Etiology of D.R.’s Asthma
In most cases, both hereditary and environmental variables interact to bring about the onset of asthma. Possible components that contribute to D.R.’s condition include inadequate asthma control, allergen sensitization, environmental exposures, genetic predisposition, and viral respiratory infections. A worsening of symptoms may occur if the patient does not comply to the treatment plan for asthma, which includes taking medicine as prescribed and avoiding triggers. It is possible that D.R.’s lack of control is due to his dependency on regular albuterol nebulizer treatment.
Sensitization and the onset of asthma symptoms may be caused by prolonged exposure to allergens. The presence of postnasal discharge and watery eyes in D.R.’s symptoms indicates that there may be an allergy component. It is crucial to investigate D.R.’s living and working environment to see whether his symptoms are being exacerbated by allergies or irritants at work or at home. Onother possible factor that might increase D.R.’s risk of developing asthma is a history of the disease in his family. This might be set off if D.R. recently had a respiratory illness. Inflammation of the airways and worsening of asthma symptoms are both caused by viruses (Chapman et al., 2020).
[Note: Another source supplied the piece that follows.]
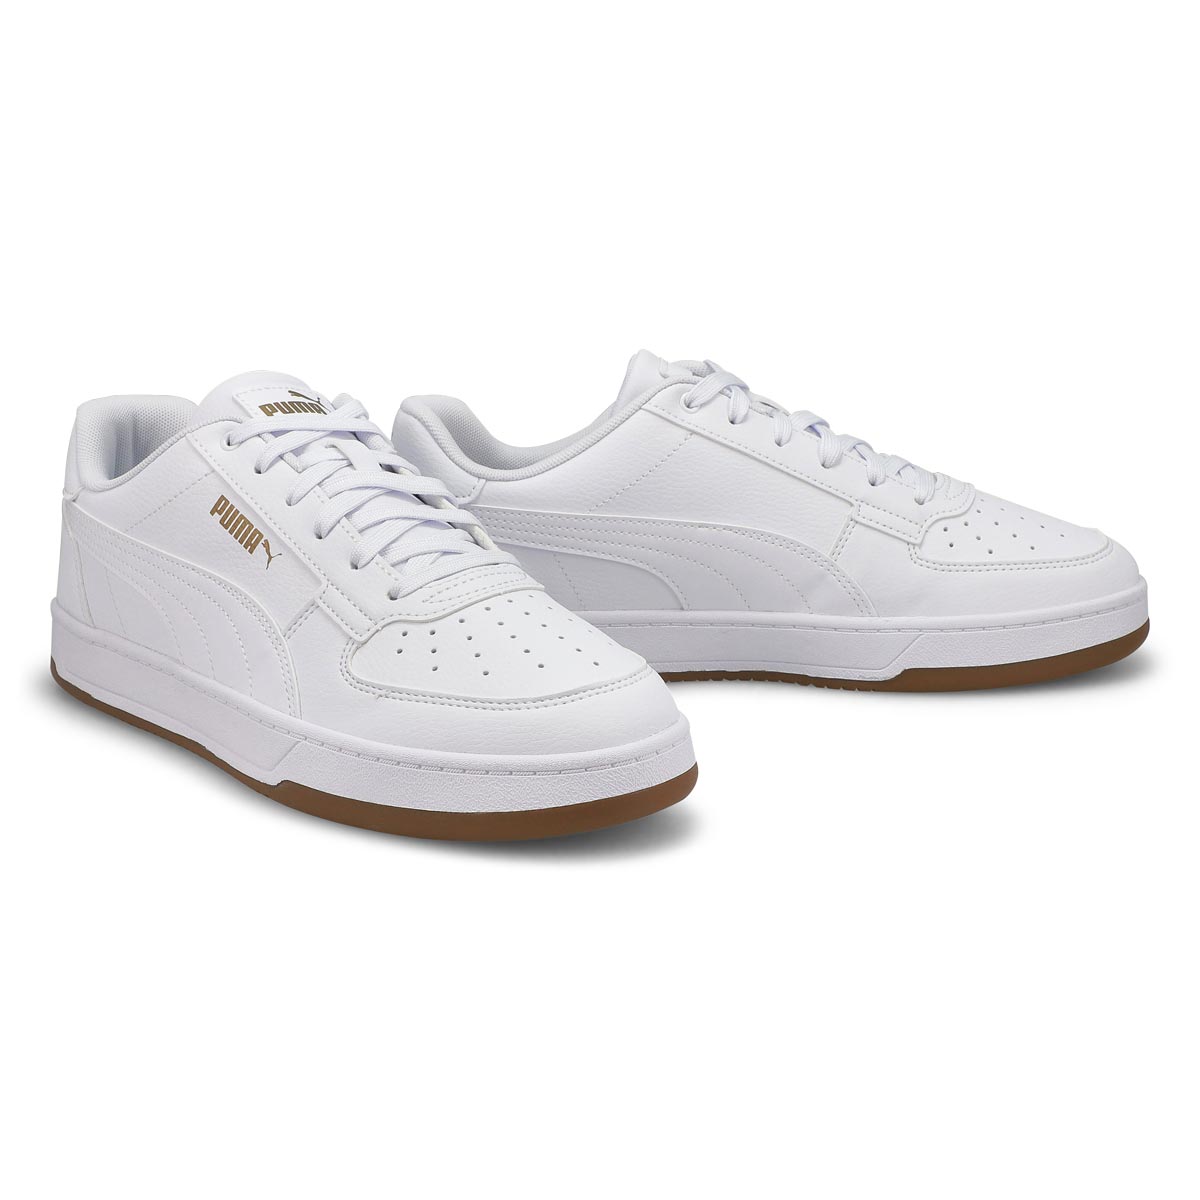 Baskets CAVEN 2.0, blanc/or, hommes

Ultimately, the case study indicates that D.R. may have a mild chronic asthma attack, with allergens, a viral respiratory illness, and environmental variables being possible triggers. Complex interactions between hereditary susceptibility, allergen sensitivity, and maybe insufficient asthma management contribute to the etiology. For optimal care and prevention of future exacerbations, it is necessary to conduct a comprehensive evaluation that considers environmental variables and the patient’s history.